# WORK REQUIRED
In the data below, find the line with "bluetooth Control 3000mW" and the line with "NikeCourt tennis T shirt til mænd", then restate both and every line between them exactly, minus the pictures.

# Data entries
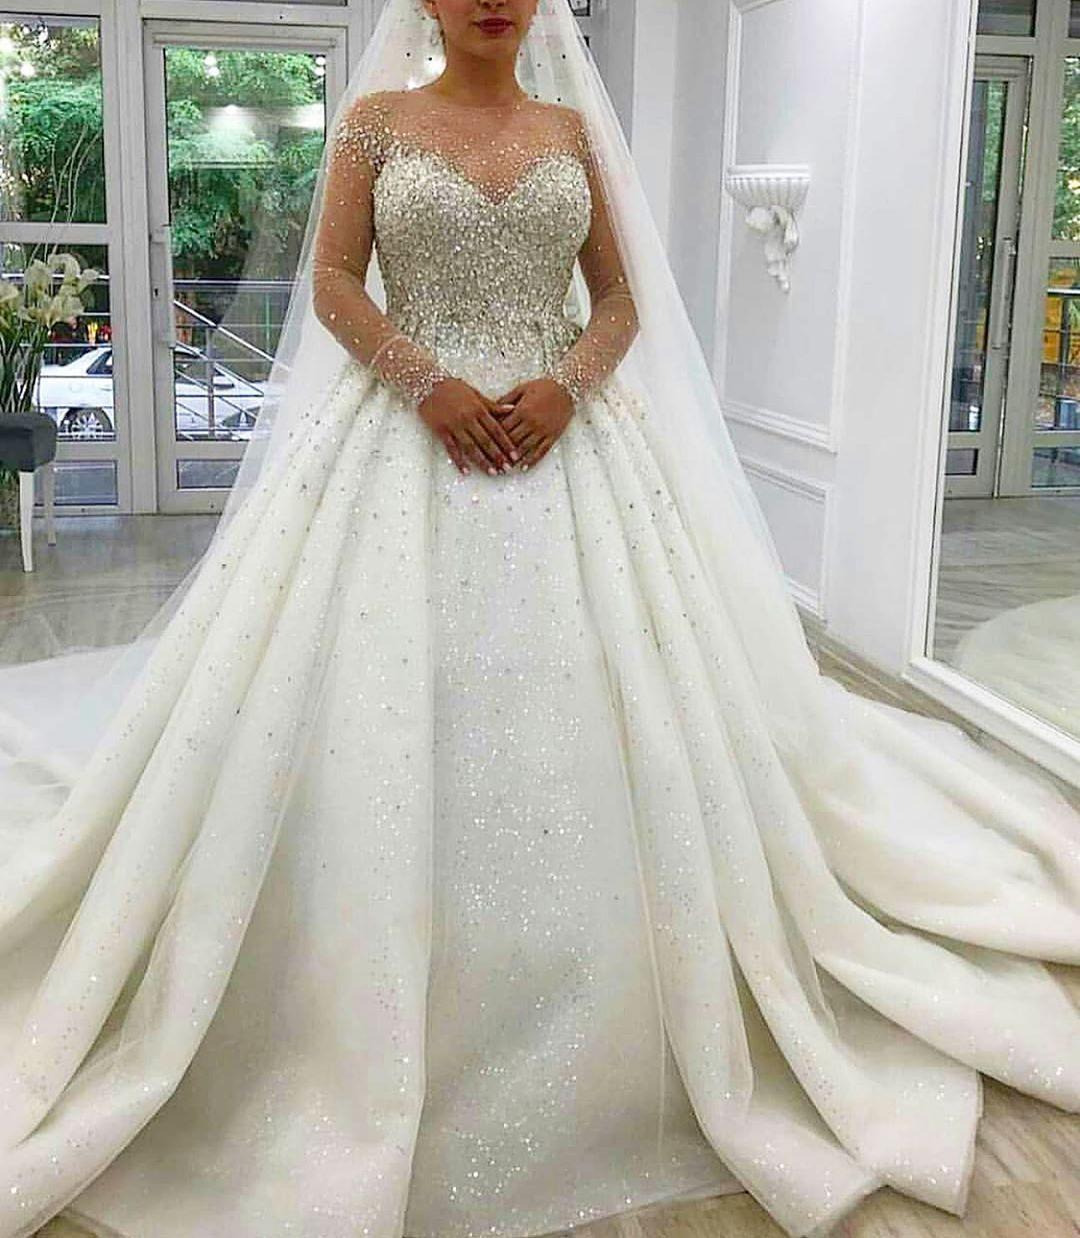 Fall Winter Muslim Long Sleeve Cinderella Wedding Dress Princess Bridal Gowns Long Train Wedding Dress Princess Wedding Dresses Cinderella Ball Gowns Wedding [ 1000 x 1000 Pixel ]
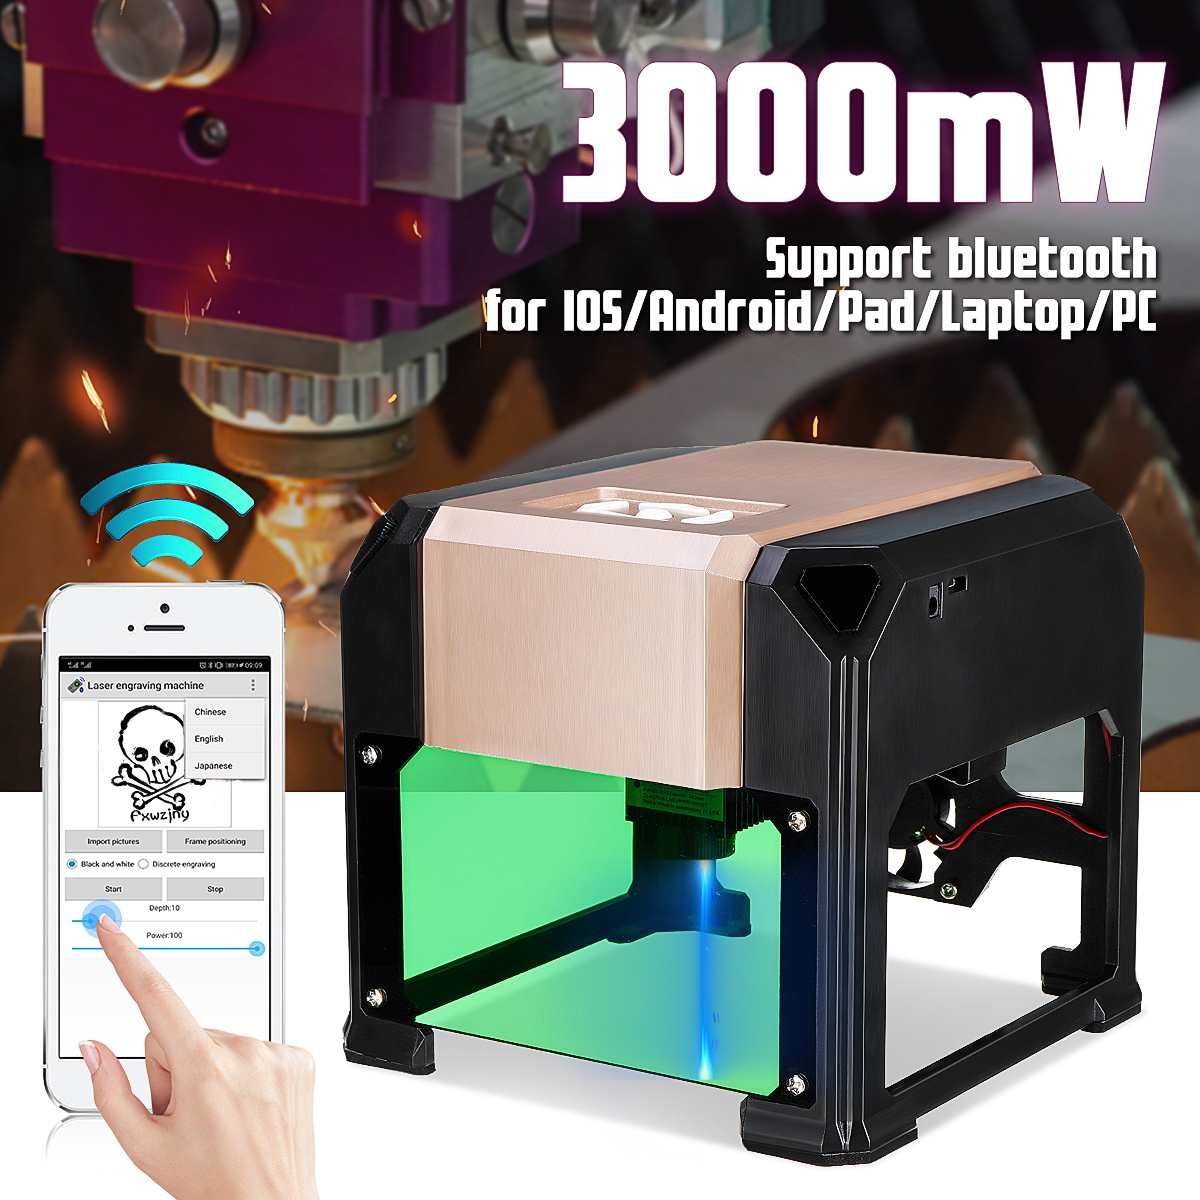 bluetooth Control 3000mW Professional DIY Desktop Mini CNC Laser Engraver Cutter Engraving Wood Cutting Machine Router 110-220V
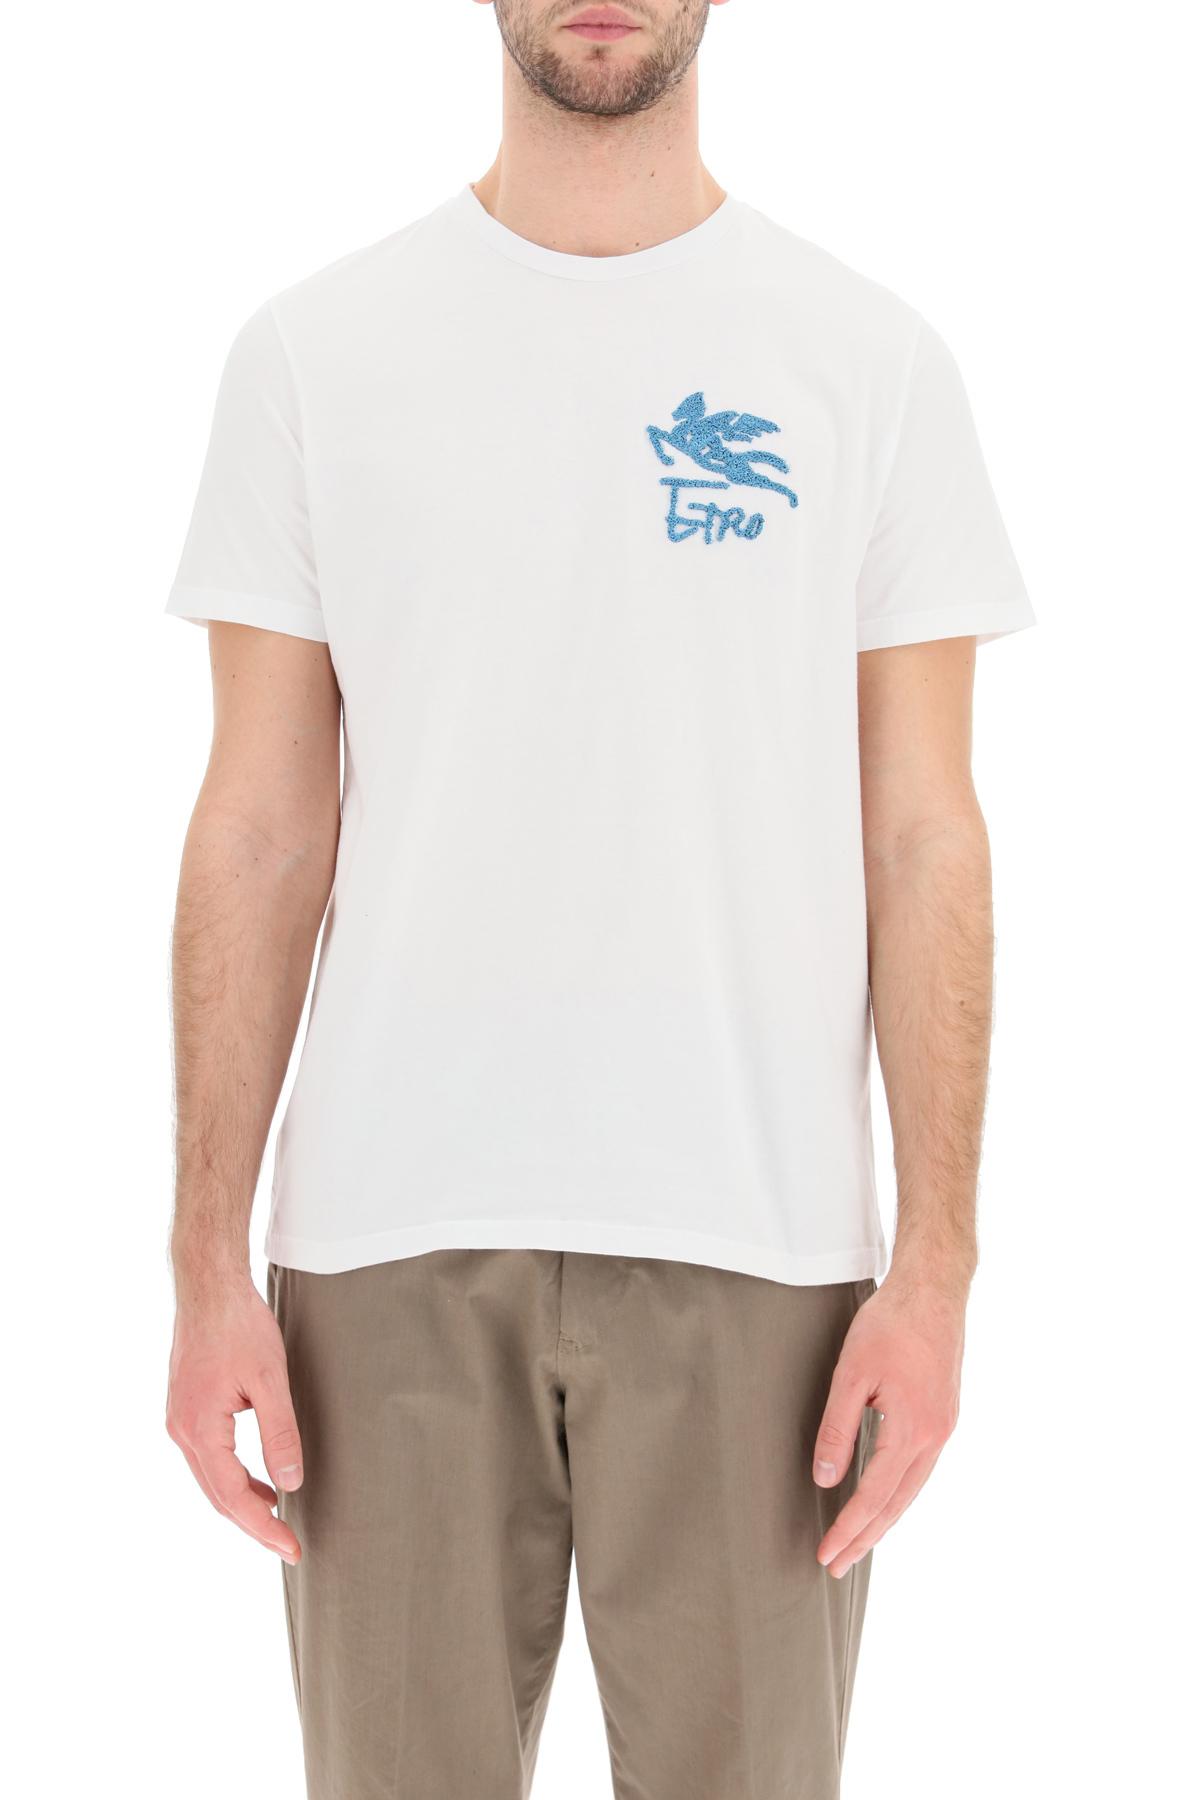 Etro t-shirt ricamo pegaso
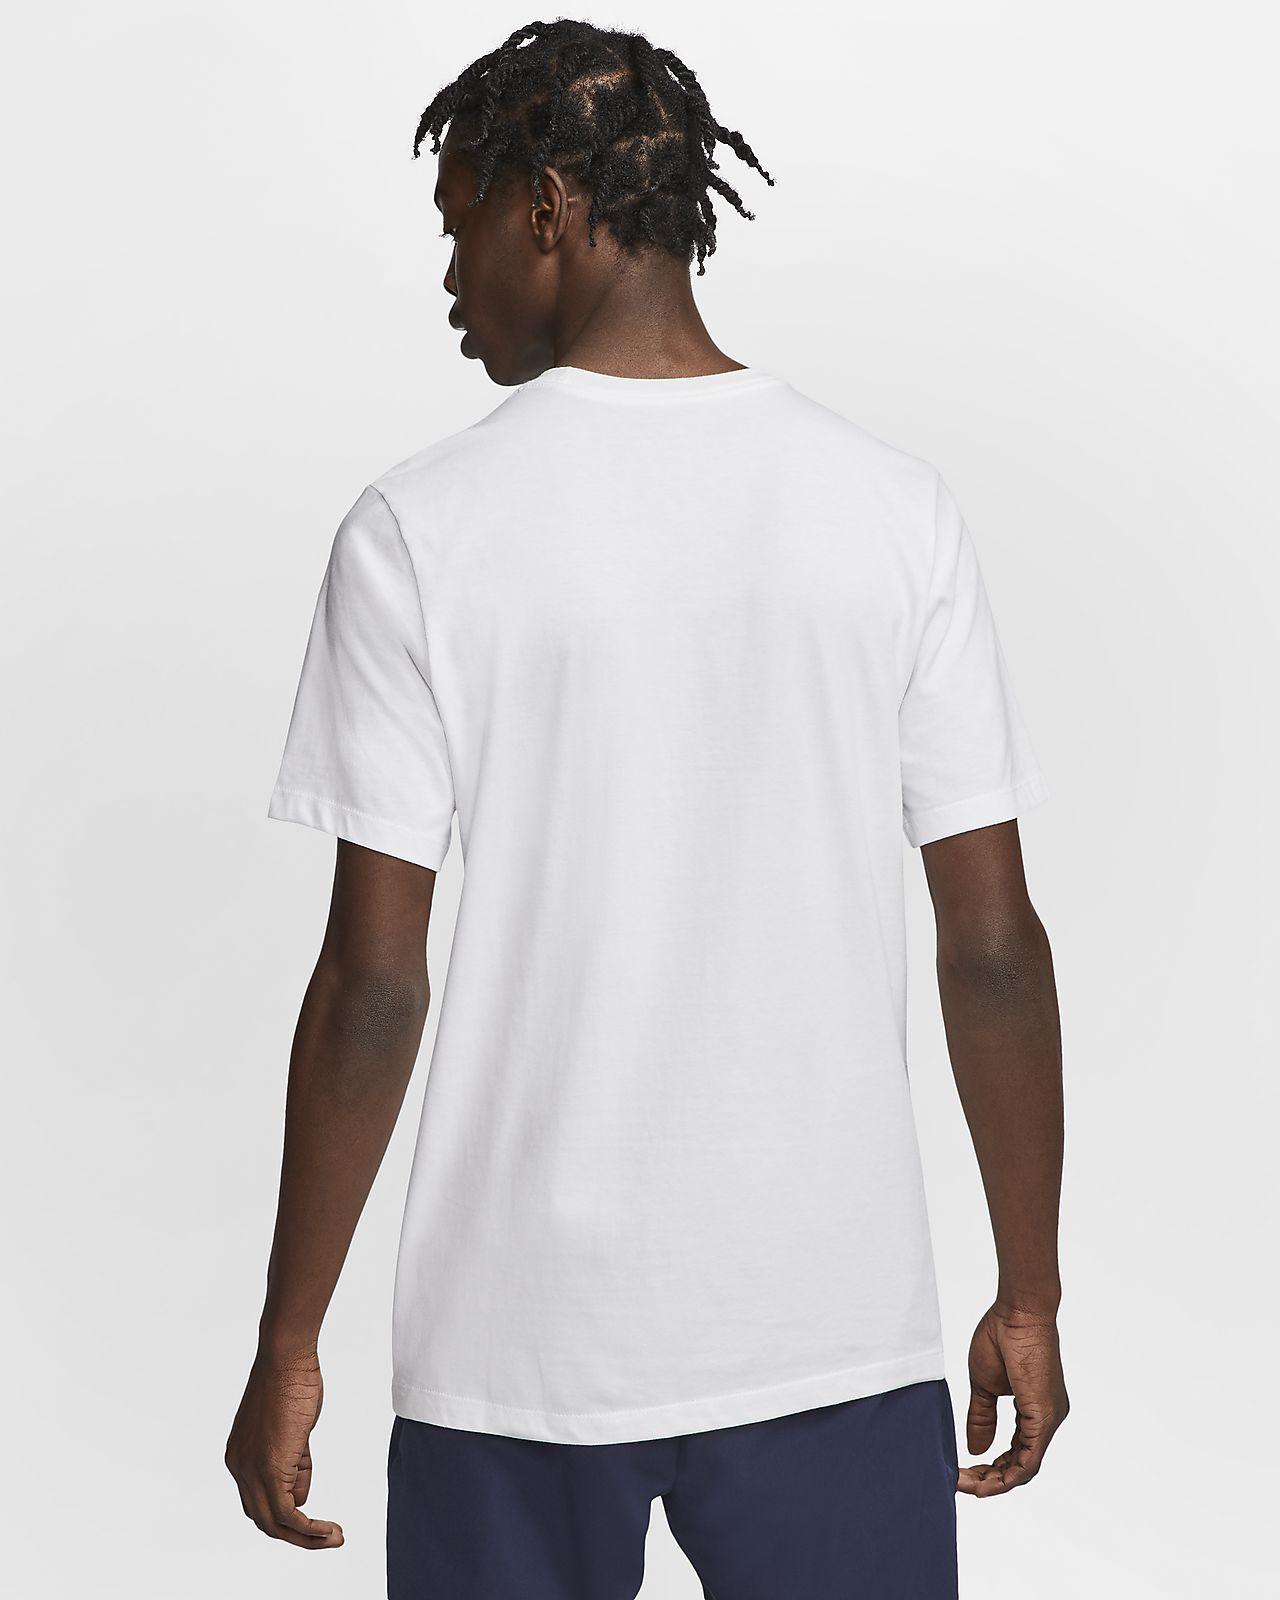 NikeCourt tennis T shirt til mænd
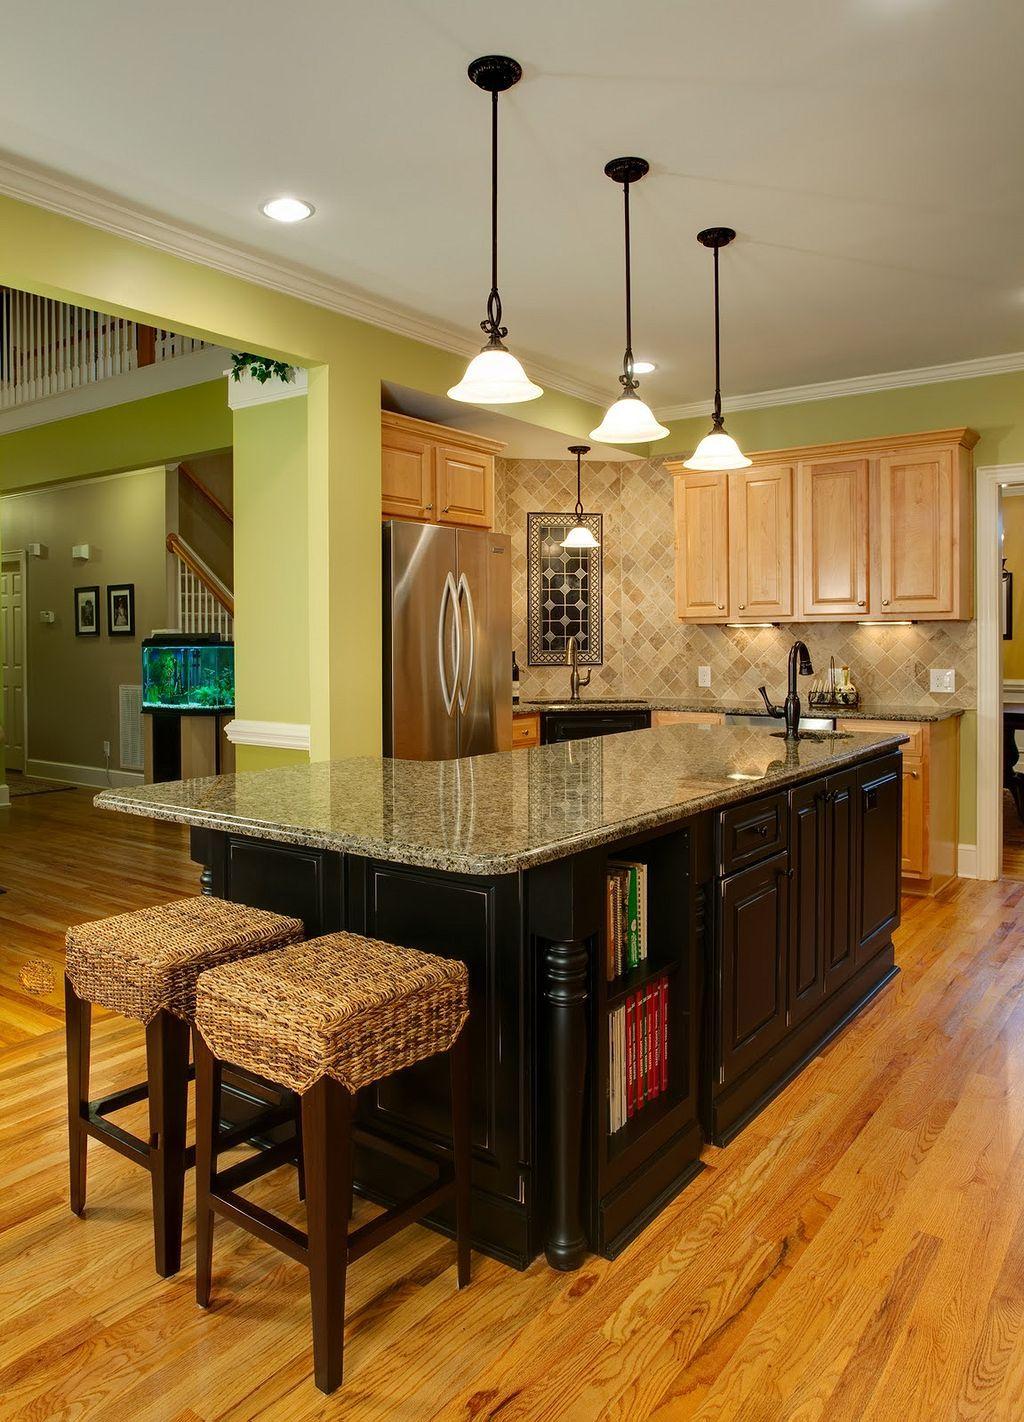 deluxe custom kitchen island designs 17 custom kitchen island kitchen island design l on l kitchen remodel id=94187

# SOLUTION FOR THIS EXERCISE
 bluetooth Control 3000mW Professional DIY Desktop Mini CNC Laser Engraver Cutter Engraving Wood Cutting Machine Router 110-220V
 Etro t-shirt ricamo pegaso
 NikeCourt tennis T shirt til mænd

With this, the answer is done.